Look for the line with "Cote Sud - Fevrier 2015 - Cover" in the data below, then reproduce word for word that line and every line after it. Leave out all pictures and add nothing.

[Extracted records]
****************

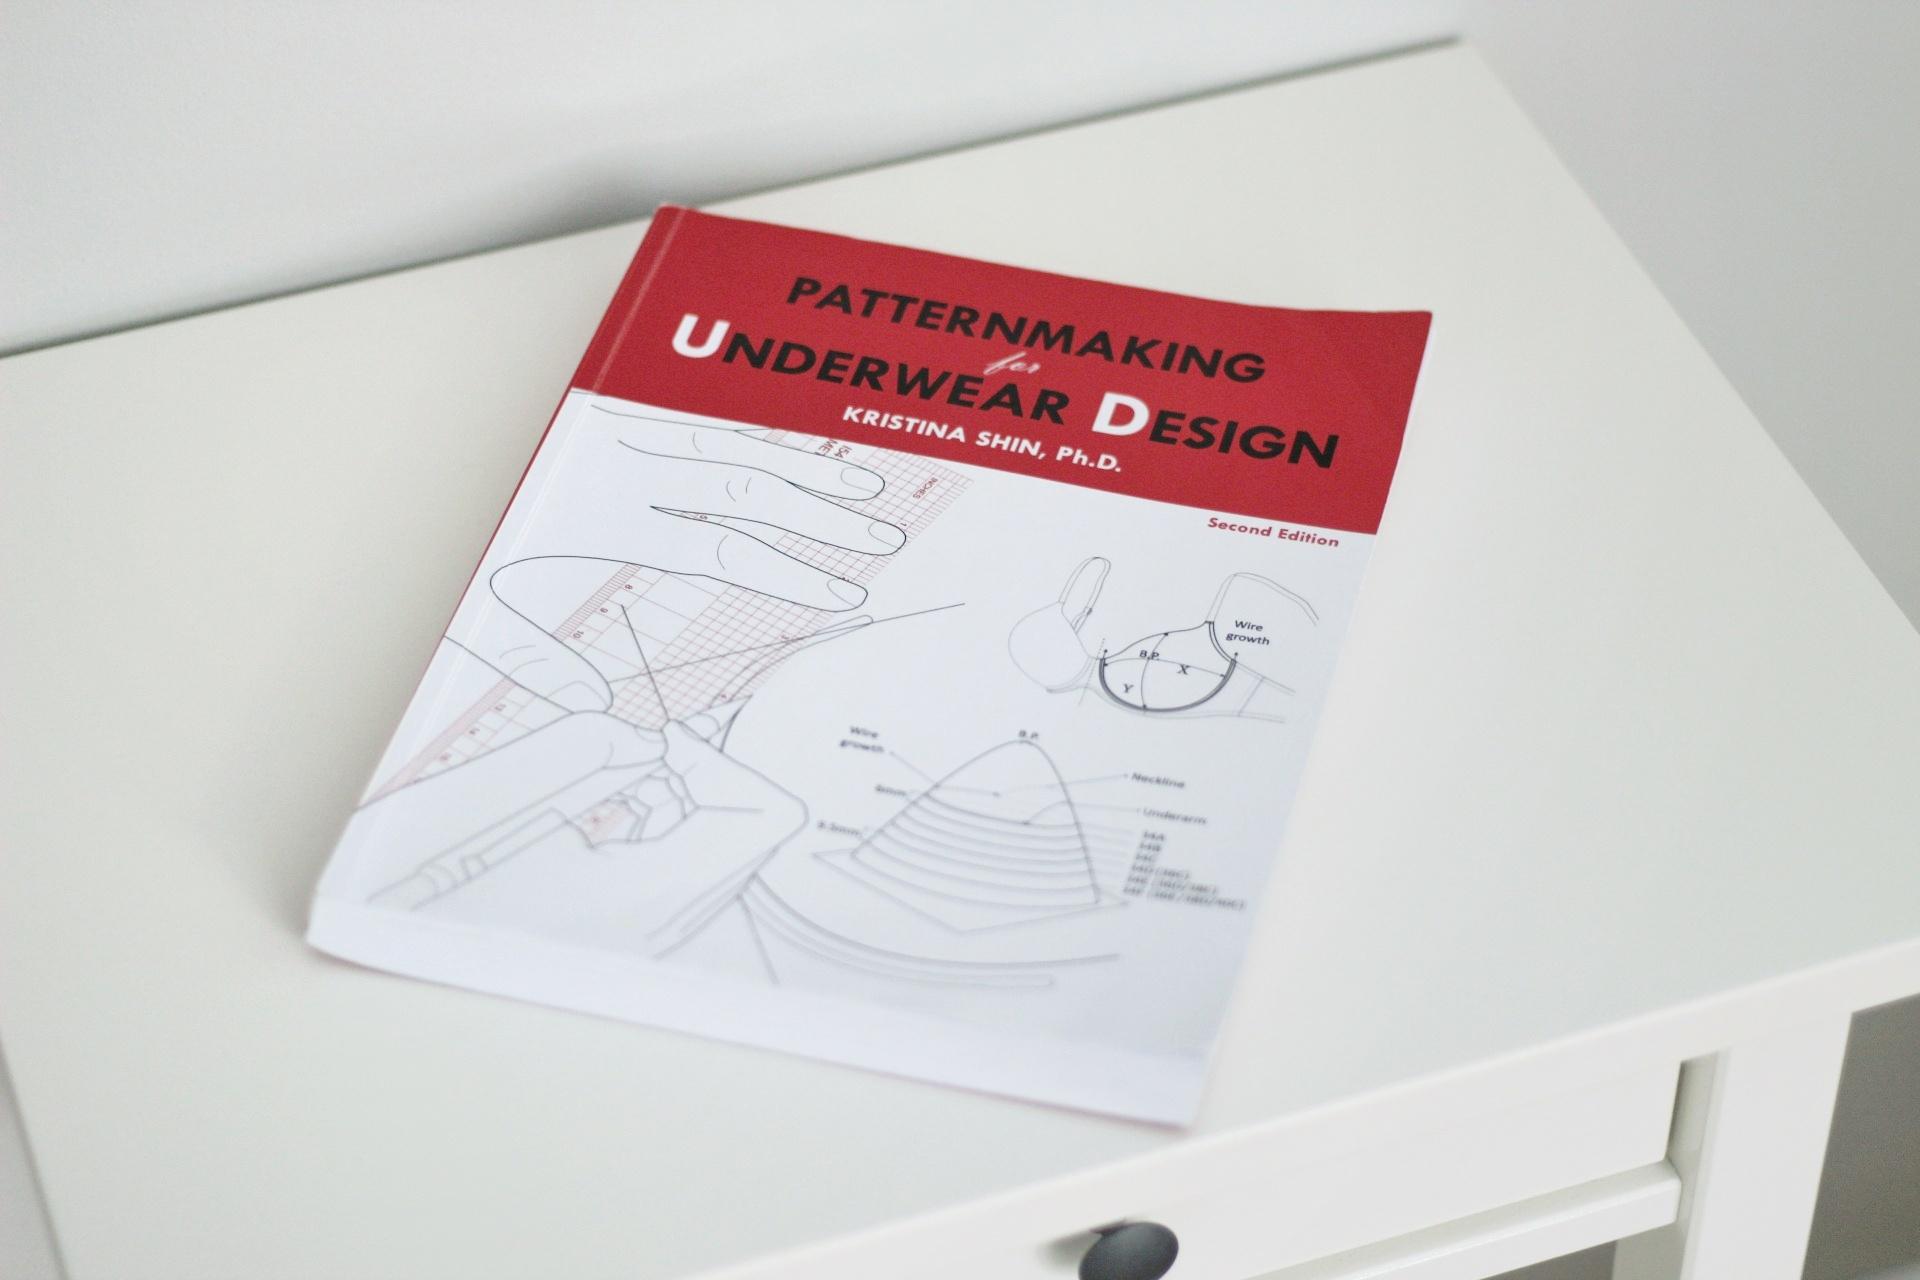 RECENZJA KSIĄŻKI PATTERNMAKING FOR UNDERWEAR DESIGN
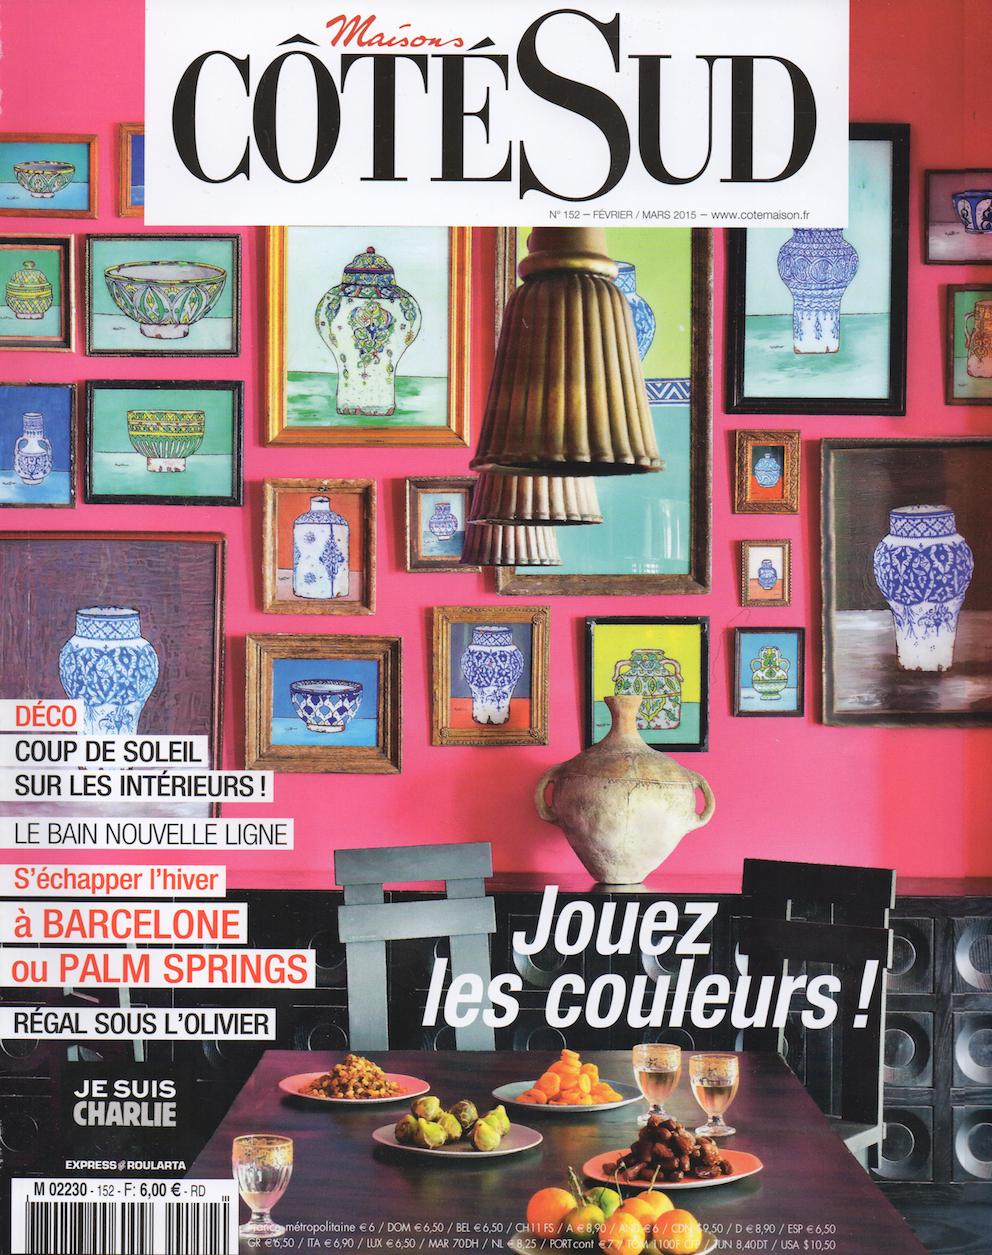 Cote Sud - Fevrier 2015 - Cover
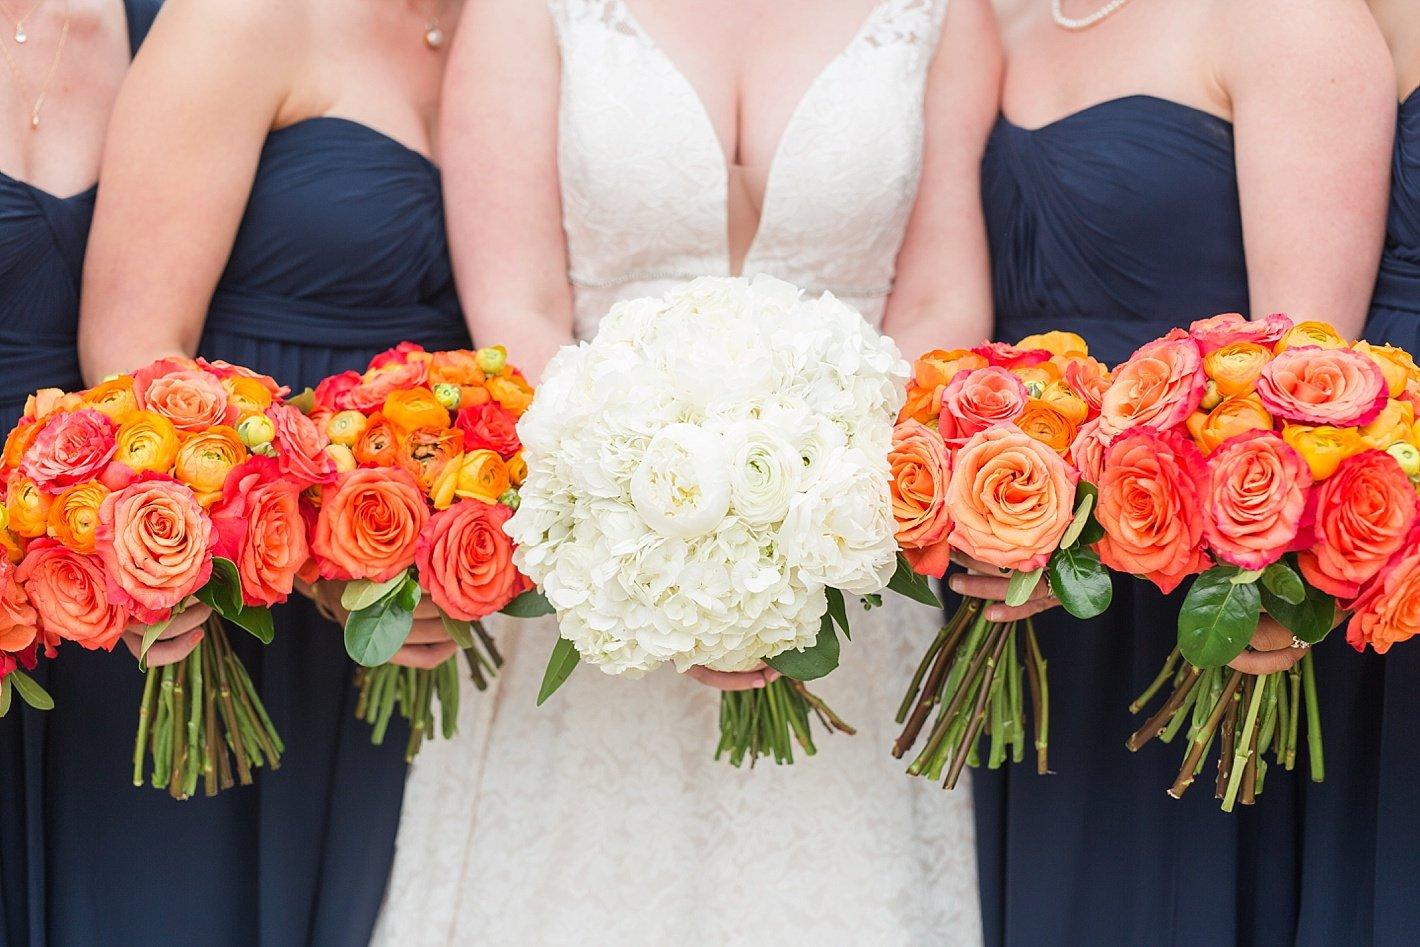 Navy bridesmaid dresses Jenny Yoo dresses peach bouquets roses peonies
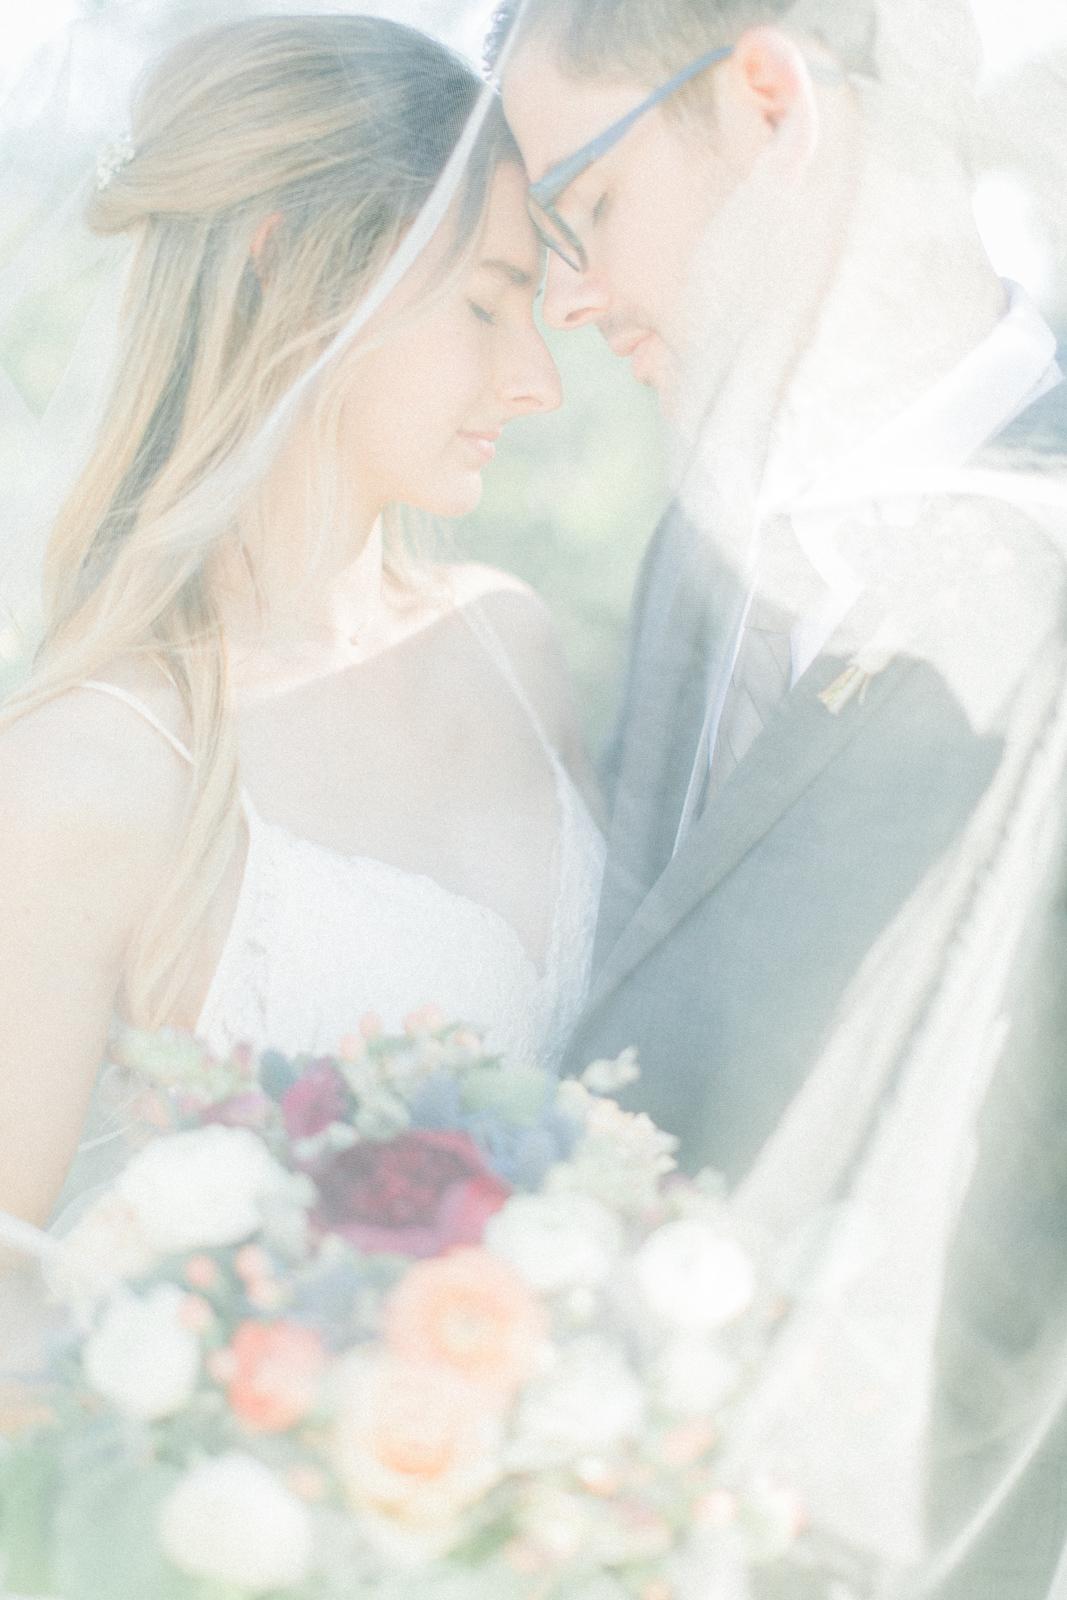 boise-idaho-elopement-engagement-photographer-9281.jpg
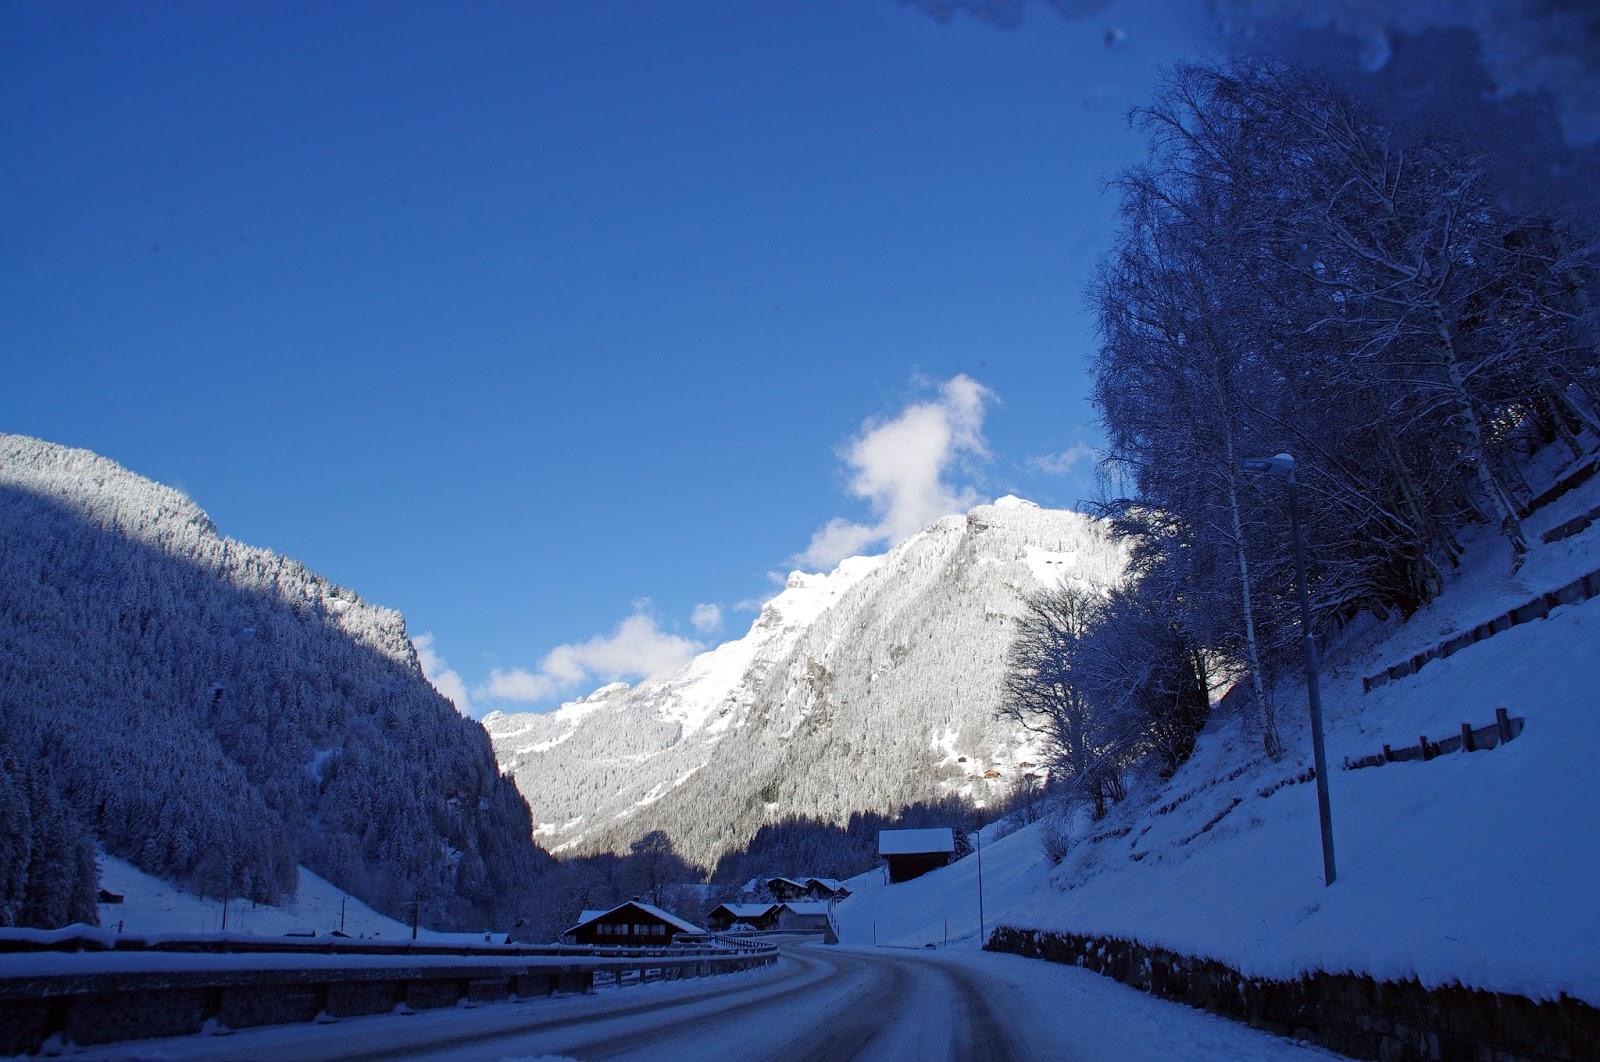 Driving Switzerland Winter

****************

Exercise result =
 Cote Sud - Fevrier 2015 - Cover
 Navy bridesmaid dresses Jenny Yoo dresses peach bouquets roses peonies
 boise-idaho-elopement-engagement-photographer-9281.jpg
 Driving Switzerland Winter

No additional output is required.